5-year-old marks one year waiting for new heart at children’s hospital

5-year-old marks one year waiting for new heart at children’s hospital

MINNEAPOLIS (KARE) – A 5-year-old has just spent an entire year inside Children’s Minnesota emergency room.

She’s been diagnosed with a rare heart issue and is waiting for a life-saving transplant.

But thanks to a little help — and a lot of stuffed animals — she keeps smiling in the face of adversity.

Temi Adebisi also sings, dances, and marches to her own beat.

“Temi is a beautiful soul,” Temi’s mother Toyin Adebisi said.

Her mother says that’s always been the case.

“She lights up everyone’s mood. There are no boring moments with her,” Toyin Adebisi said.

But about a year ago their little life of the party wasn’t acting like herself at a party.

“She did not participate in any of the activities because she got tired easily. She did not eat; she did not play. We did not know that she was dealing with so much damage,” Toyin Adebisi said.

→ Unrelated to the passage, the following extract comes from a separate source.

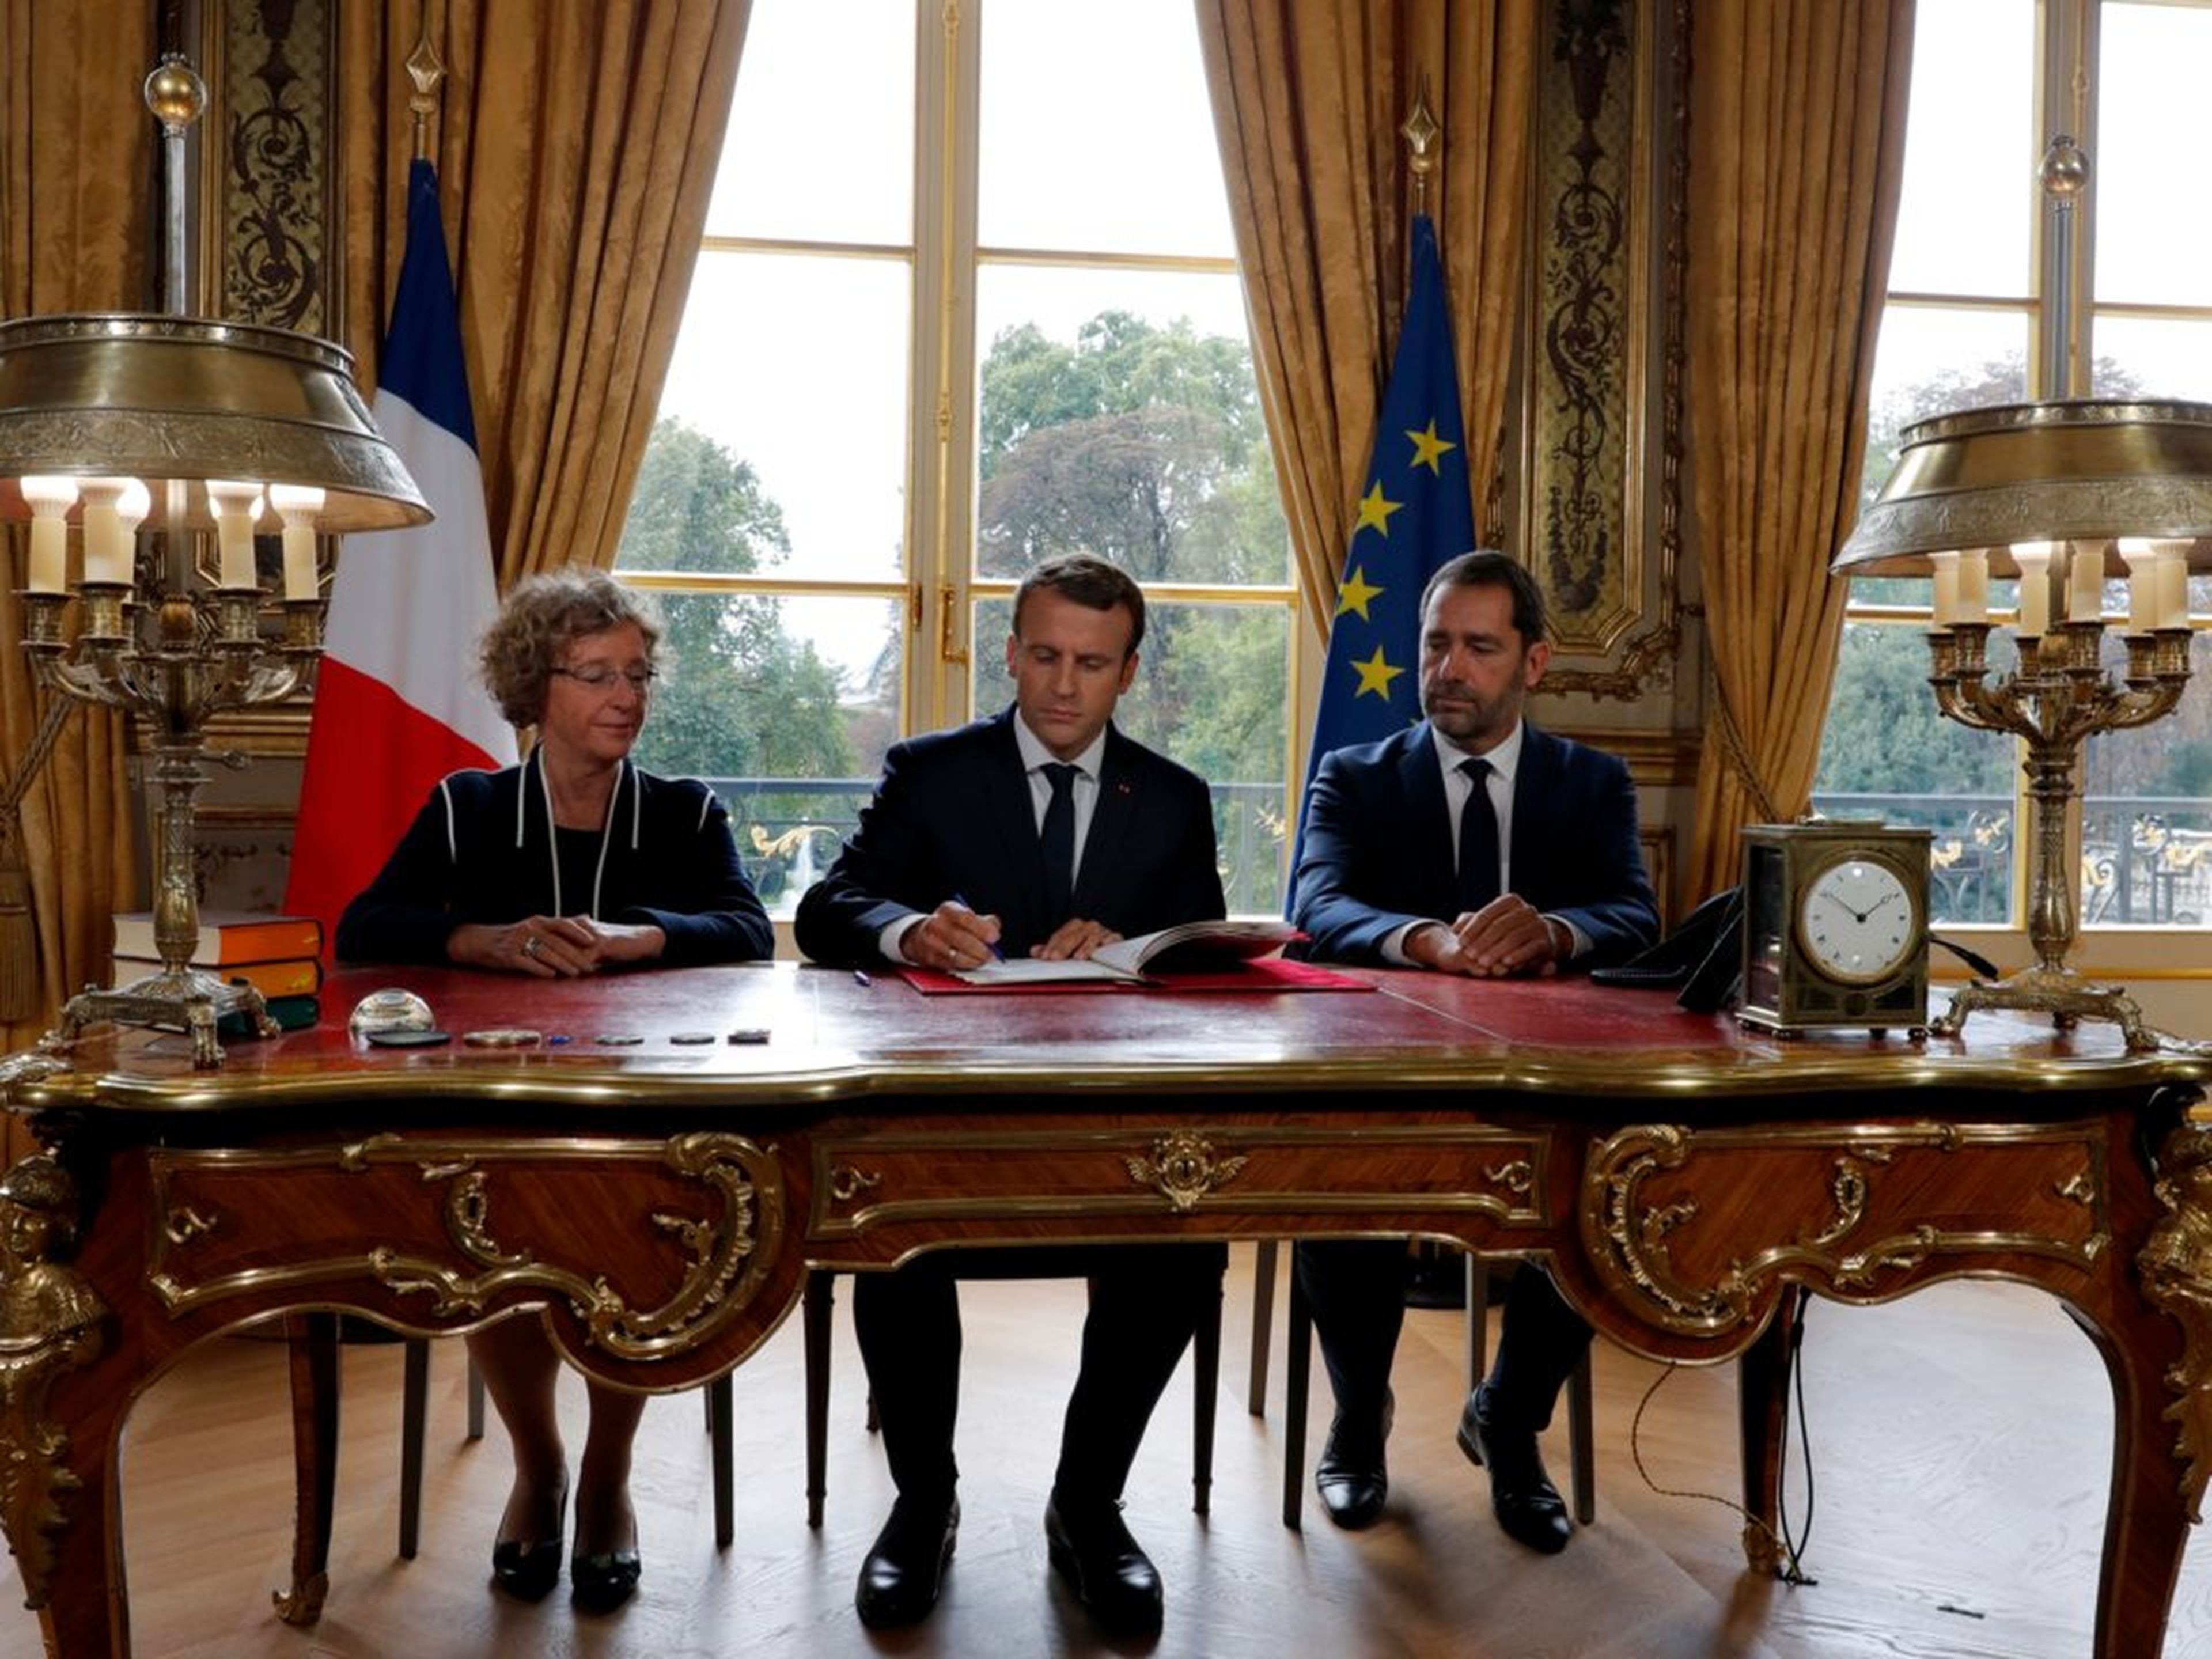 El presidente francés, Emmanuel Macron, en el Palacio del Elíseo en París junto a la ministra de Trabajo Muriel Penicaud y el portavoz del gobierno, Christophe Castaner, en 2017.

That realization hit after a trip to the children’s emergency room.

“The medical word we use is dilated cardiomyopathy, and that’s really just a big heart that’s not squeezing well,” said Dr. Adam Putschoegl, transplant cardiologist at Children’s Minnesota

The team said they learned Temi would need a transplant and it soon became clear time wasn’t on their side.

“They did not know if she was going to make it the next 48 hours. That was the worst day of my life,” Toyin Adebisi said.

With medicine not working, doctors connected her heart to a ventricular assist device.

“It’s basically an artificial pump that sits outside of her body to help support her heart. If she didn’t have the device she probably wouldn’t survive,” Putschoegl said.

For weeks the reality of being tethered to a machine that can only be unplugged for 20 minutes and never leave the hospital took a different kind of toll on her heart.

“She would cry and cry, she wanted to go home. Oh my God, I couldn’t hold it anymore and I started crying with her,” Toyin Adebisi said.

That’s when the family called in backup and Temi’s care team organized special events that included a 200-day parade in her honor followed by a 5th birthday bash.

“God bless them,” Toyin Adebisi said. “It has been working sooo well.”

These days, not even Temi’s pump seems to slow her down. But nobody expected the device to still be connected to her a year later.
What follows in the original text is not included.